HHS did not immediately respond to CNBC’s request for comment.

It marks the fourth lawsuit challenging a controversial provision of the Lower Inflation Act, which became law last summer, a major victory for President Joe Biden and Democratic lawmakers.

The policy aims to make medicines more affordable for older Americans, but could reduce profits for the pharmaceutical industry.
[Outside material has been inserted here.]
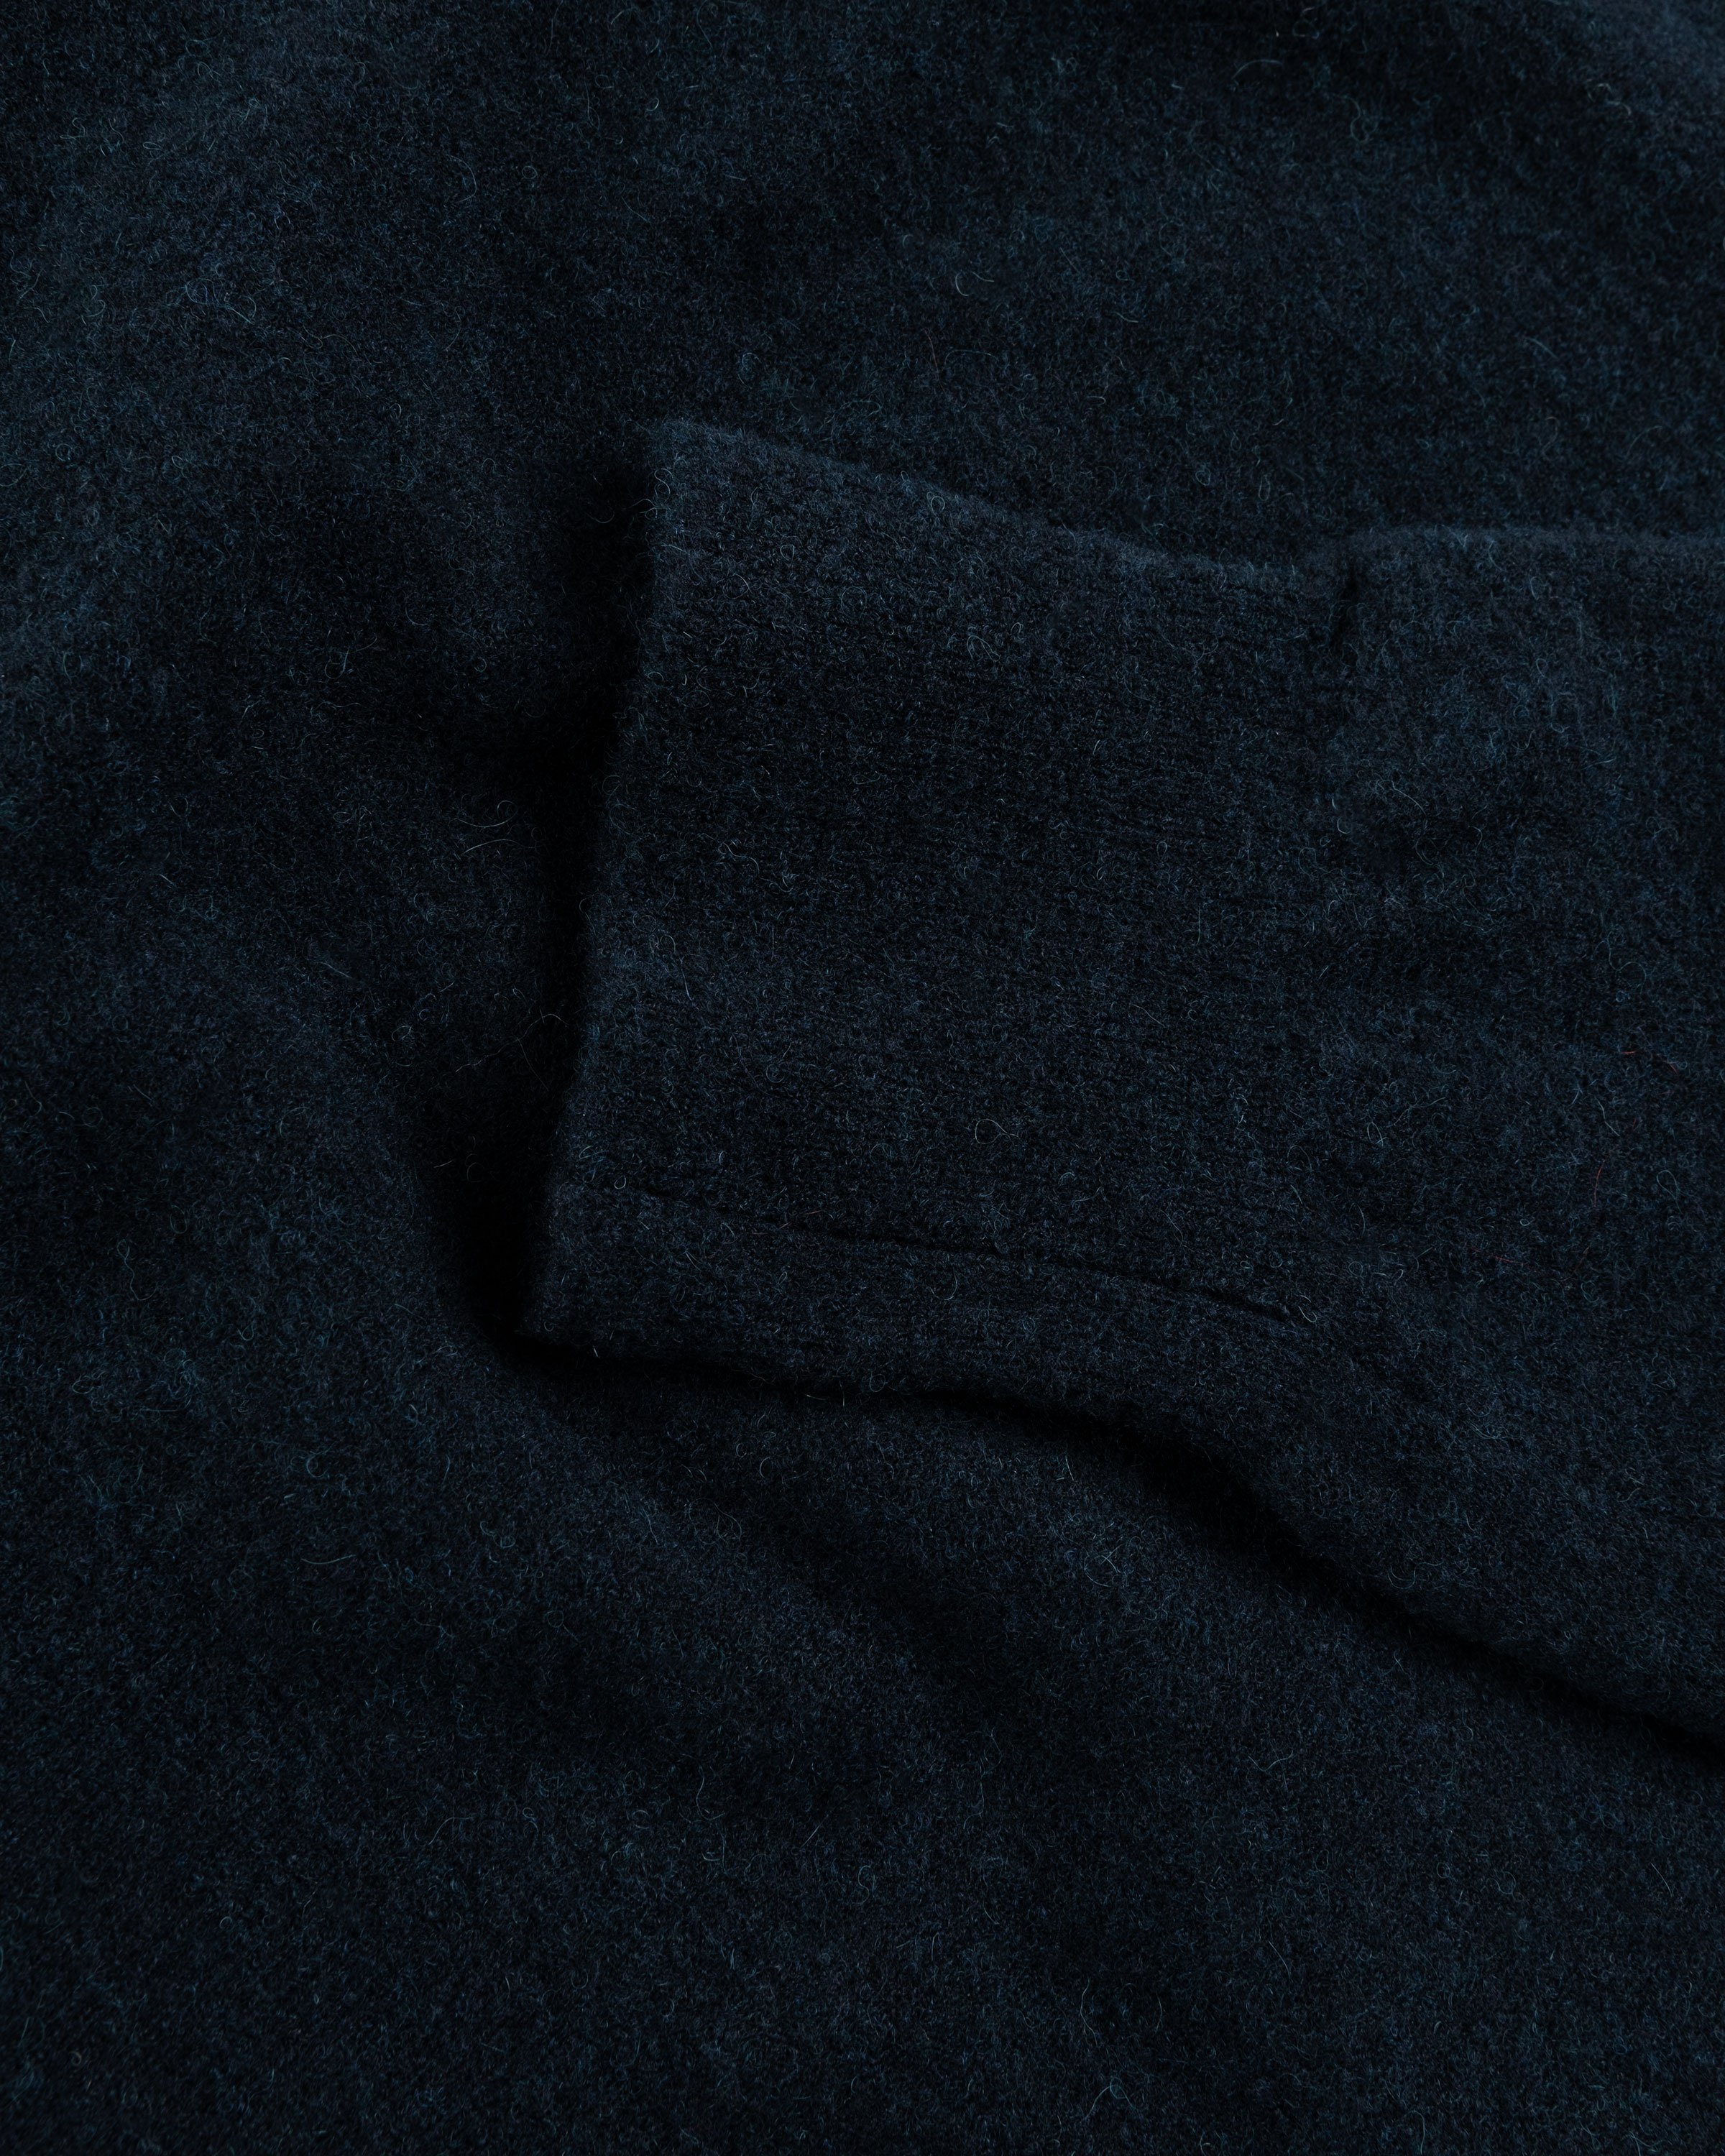 Acne Studios - Embroidered Logo Crewneck Dark Navy Melange - Clothing - Blue - Image 5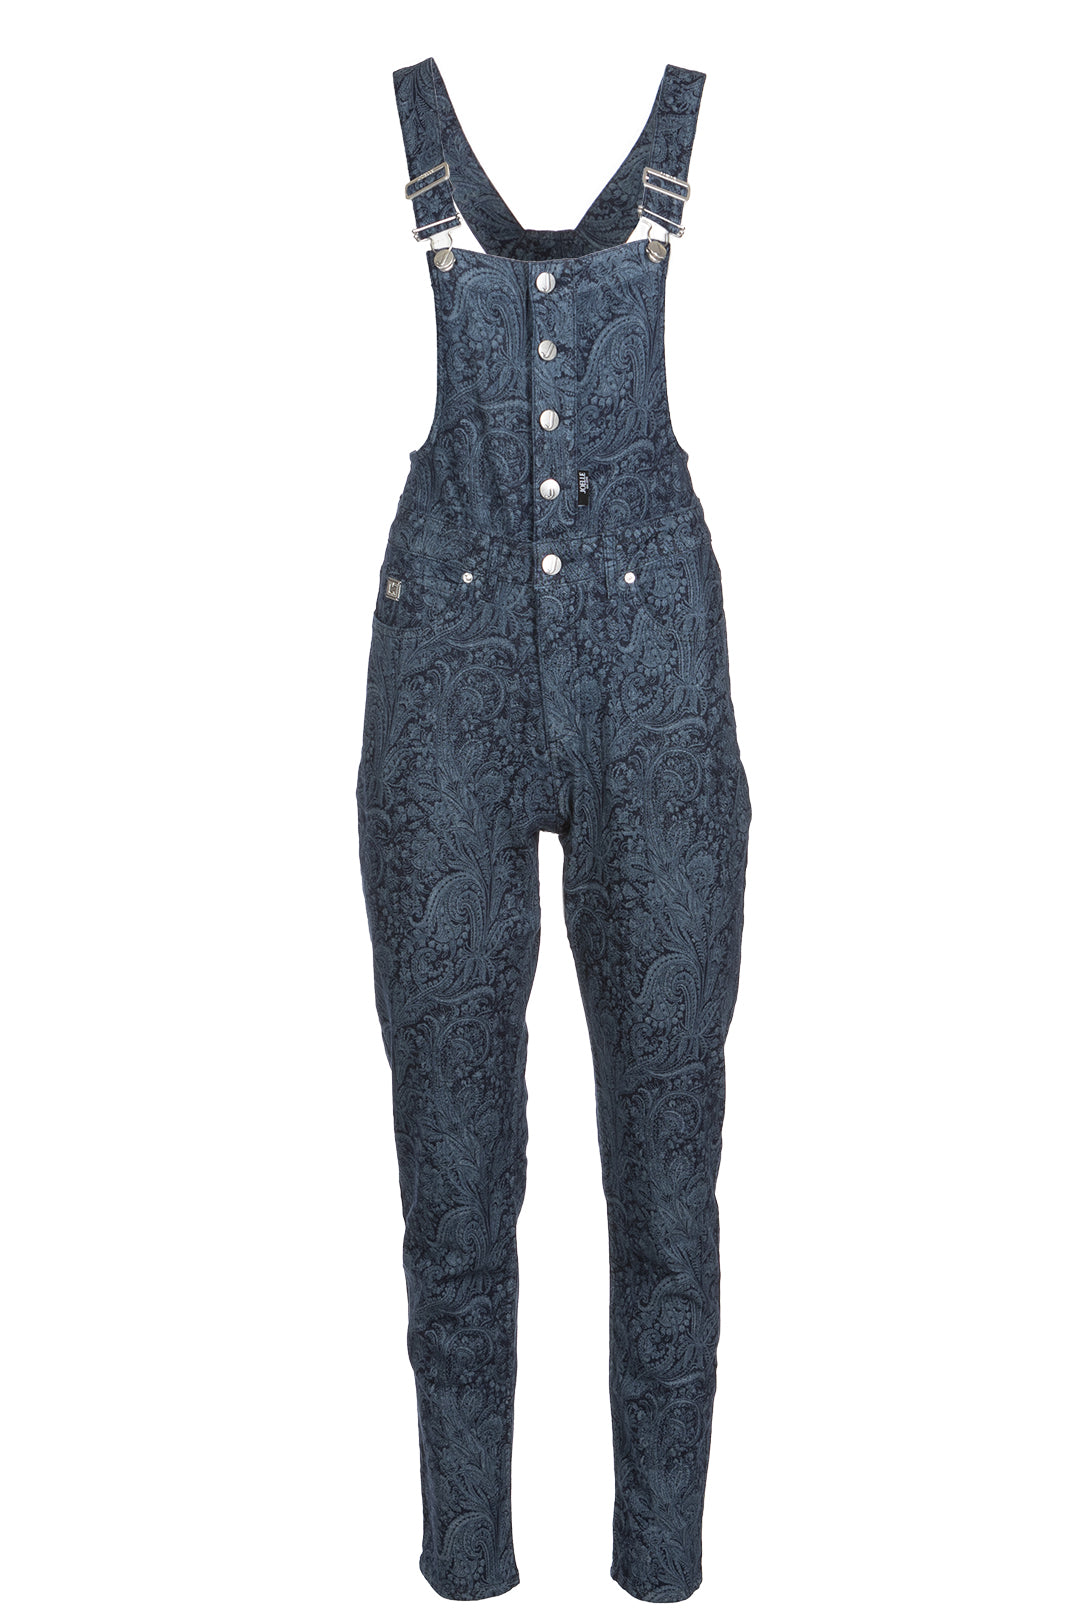 Black paisley patterned denim overalls | Serac

Merck and Bristol-Myers Squibb – who are also represented by PhRMA – and the U.S. Chamber of Commerce filed separate lawsuits over the provision earlier this month.

The latest lawsuit argues that the plan delegates too much authority to HHS.

PhRMA and the two groups also argued that the provision included a “severe” excise tax designed to force drugmakers to accept government-mandated drug prices, making it an exorbitant fine prohibited by the Eighth Amendment.

The suit also argues that the policy violates due process by denying drug companies and the public a say in how Medicare negotiations will be implemented.

“The price-setting program in the Lower Inflation Act is poor policy that threatens continued research and development and patient access to medicines,” PhRMA chief executive Stephen Ubl said in a statement.

“It also violates the U.S. Constitution because it includes barriers to transparency and accountability, gives the executive branch unfettered discretion to set Medicare drug prices, and relies on absurd enforcement mechanisms to enforce compliance,” Ubl said .

The first 10 drugs to which the rule applies will be selected in September and the agreed prices will come into effect in 2026.